The arch of the aorta is 4–5 cm (almost 2 in.) in length and is the continuation of the ascending aorta. Three major elastic arteries originate along the aortic arch (see Figure 2) and they are:
The first and largest branch from the arch of the aorta is the brachiocephalic trunk. It extends superiorly for a short distance, bending slightly to the right, and posterior to the right sternoclavicular joint, it divides to form the right subclavian artery and right common carotid artery.

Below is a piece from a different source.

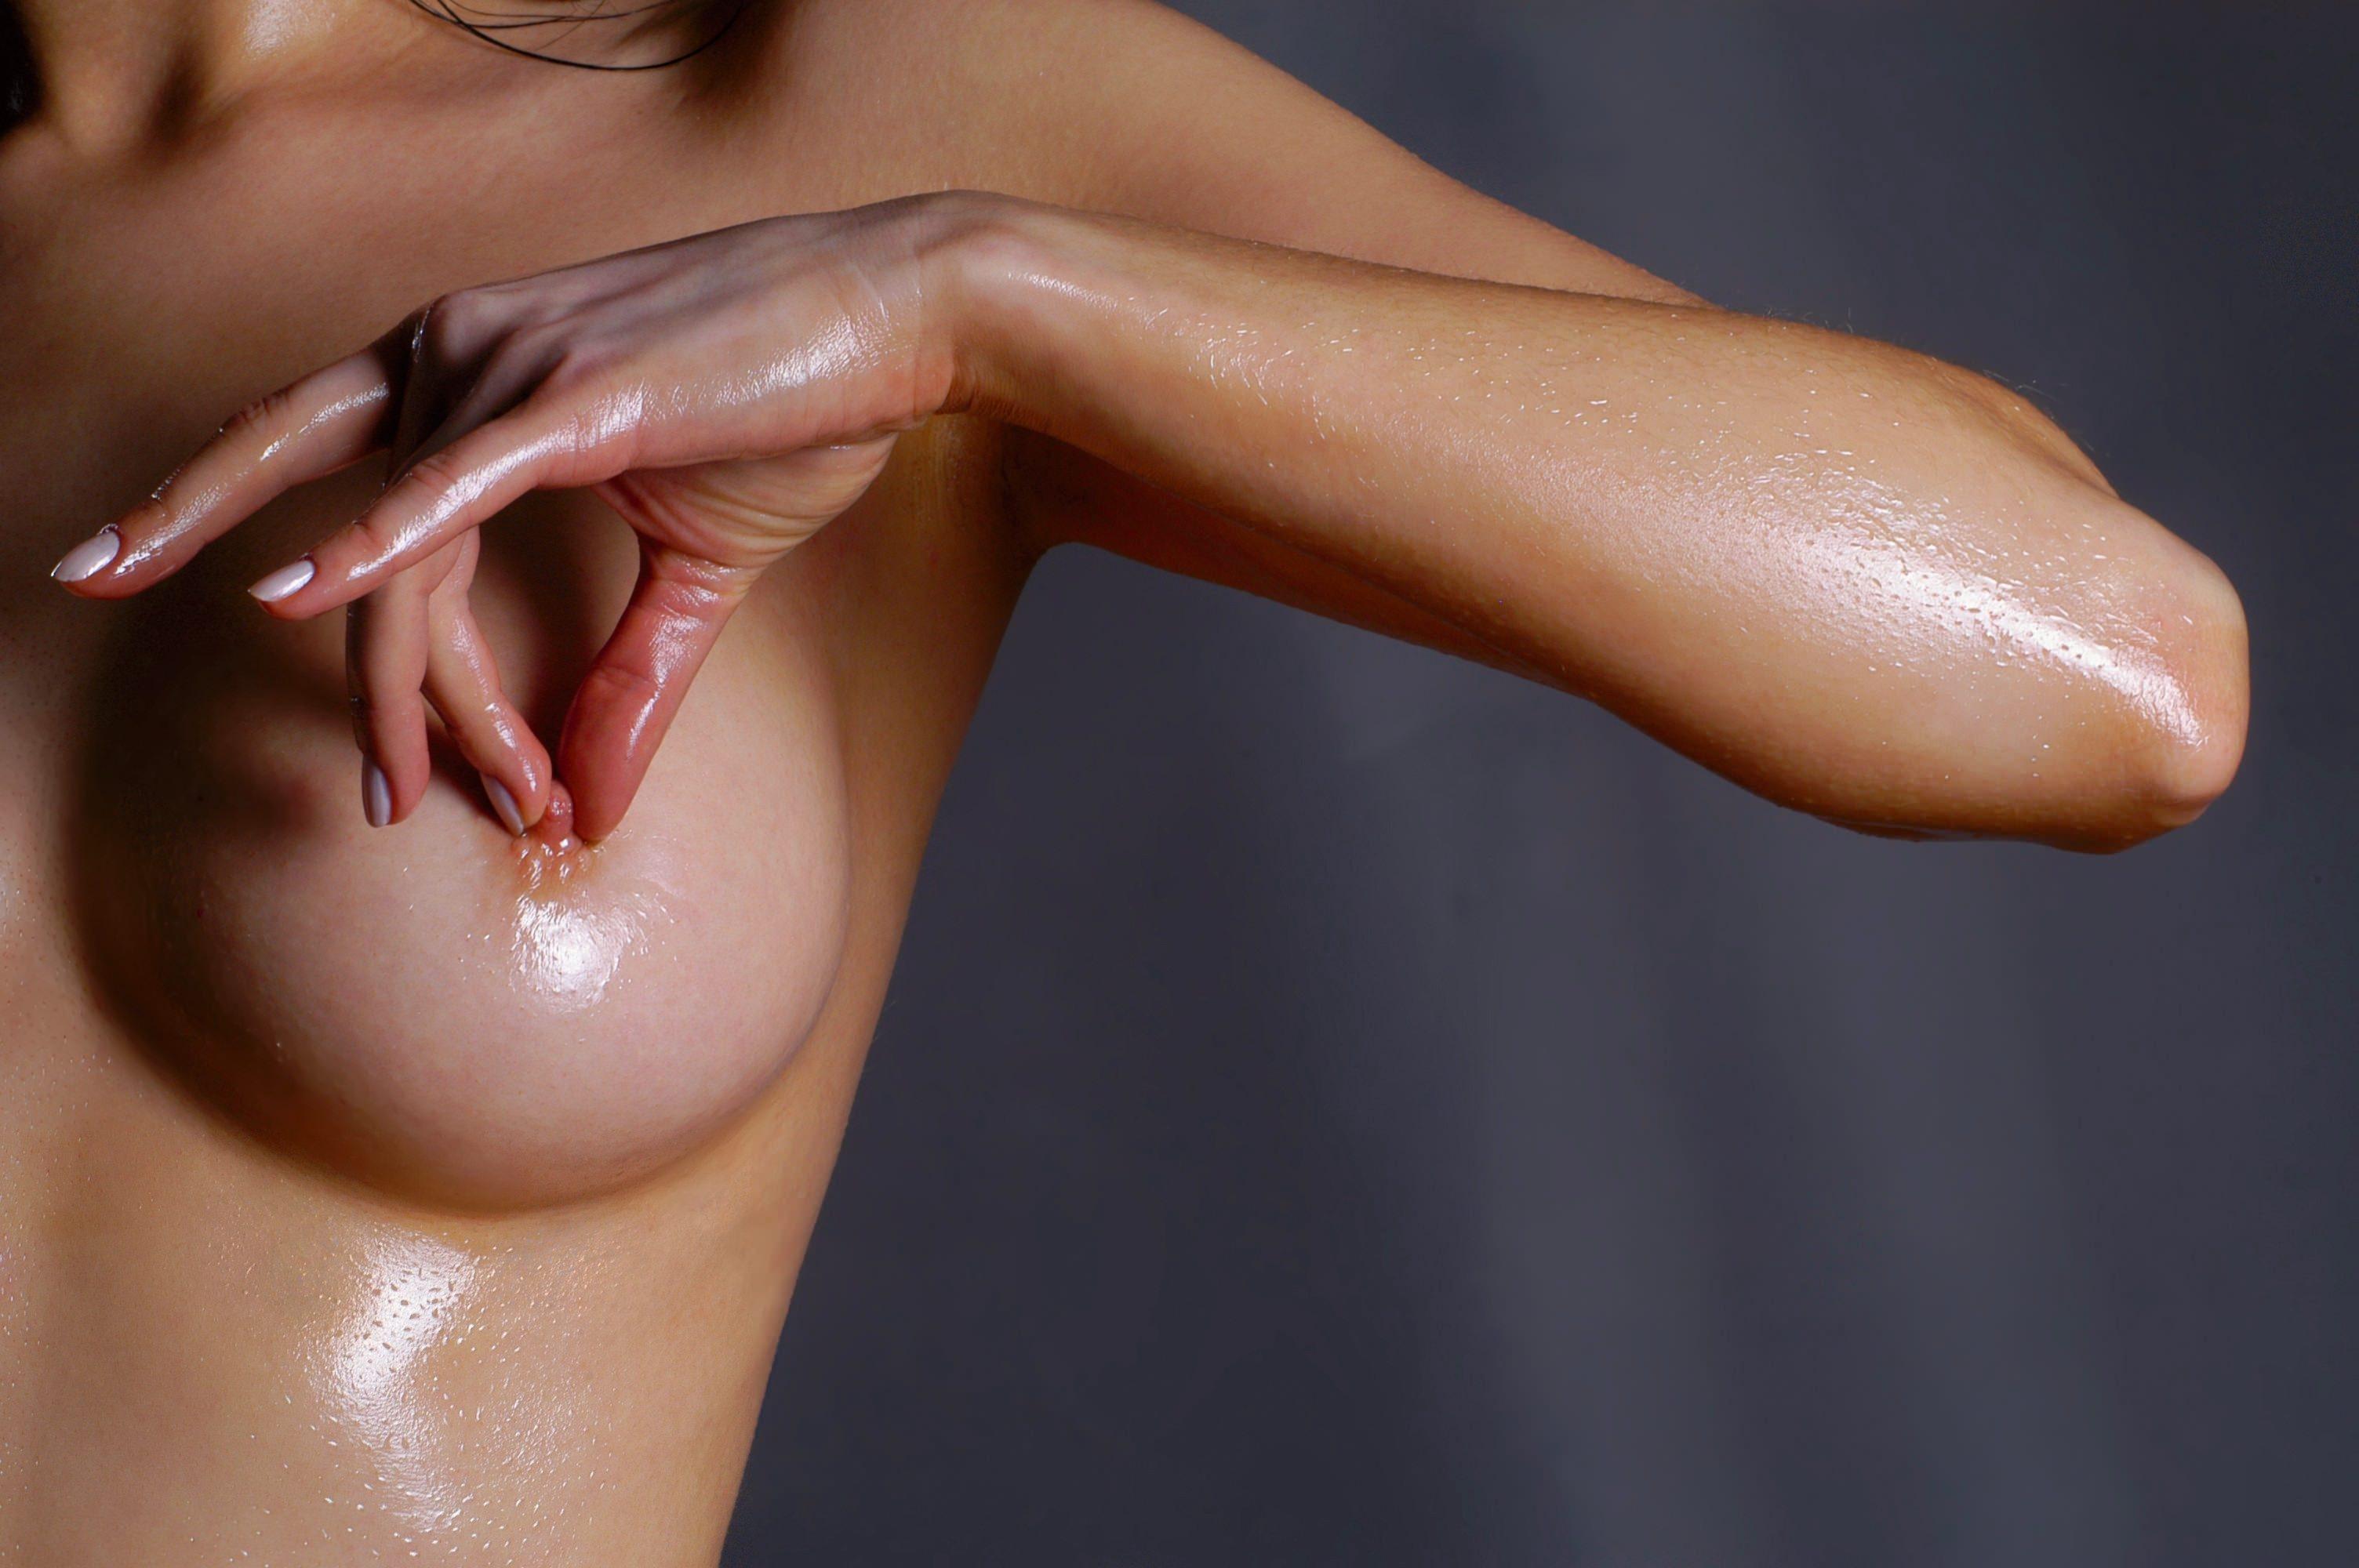 Фото Голая мокрая девушка сжимает сосок, круглая красивая грудь, круглые влажные сиськи. Round tit, oiled, wet tits, squeezing a nipple, скачать картинку бесплатно

There is only one brachiocephalic trunk; the left common carotid and left subclavian arteries arise separately from the aortic arch.
Figure 1. Brachiocephalic artery (brachiocephalic trunk)
Figure 2. Brachiocephalic artery (brachiocephalic trunk) coming off the Aortic arch
Figure 3. Brachiocephalic artery (brachiocephalic trunk) location
Brachiocephalic artery function
The brachiocephalic artery (brachiocephalic trunk) divides to form:
- Right subclavian artery and
- Right common carotid artery.
The right subclavian artery supply the upper limbs, chest wall, shoulders, back, brain, and spinal cord with blood. Three major branches arise from the right subclavian artery before they leave the thoracic cavity: (1) a right thyrocervical trunk, which supplies blood to muscles, skin, tissues of neck; thyroid gland, shoulders, and upper back (right side); (2) an right internal thoracic artery, supplying the skin and muscles of chest and abdomen; mammary gland (right
side), pericardium; and (3) a right vertebral artery, which supplies blood to the spinal cord, cervical vertebrae (right side); fuses with left vertebral, forming basilar artery after entering cranium via foramen magnum.
The right common carotid artery originates from the brachiocephalic trunk immediately posterior to the right sternoclavicular joint and is entirely in the neck throughout its course. Both right and left common carotid arteries ascend through the neck, just lateral to the trachea and esophagus, within a fascial compartment (the carotid sheath). They give off no branches as they pass through the neck. Near the superior edge of the thyroid cartilage each common carotid artery divides into its two terminal branches-the external and internal carotid arteries. At the bifurcation, the common carotid artery and the beginning of the internal carotid artery are dilated. This dilation is the carotid sinus and contains receptors that monitor changes in blood pressure and are innervated by a branch of the glossopharyngeal nerve [cranial nerve IX]. Another accumulation of receptors in the area of the bifurcation is responsible for detecting changes in blood chemistry, primarily oxygen content. This is the carotid body and is innervated by branches from both the glossopharyngeal [IX] and vagus [X] nerves.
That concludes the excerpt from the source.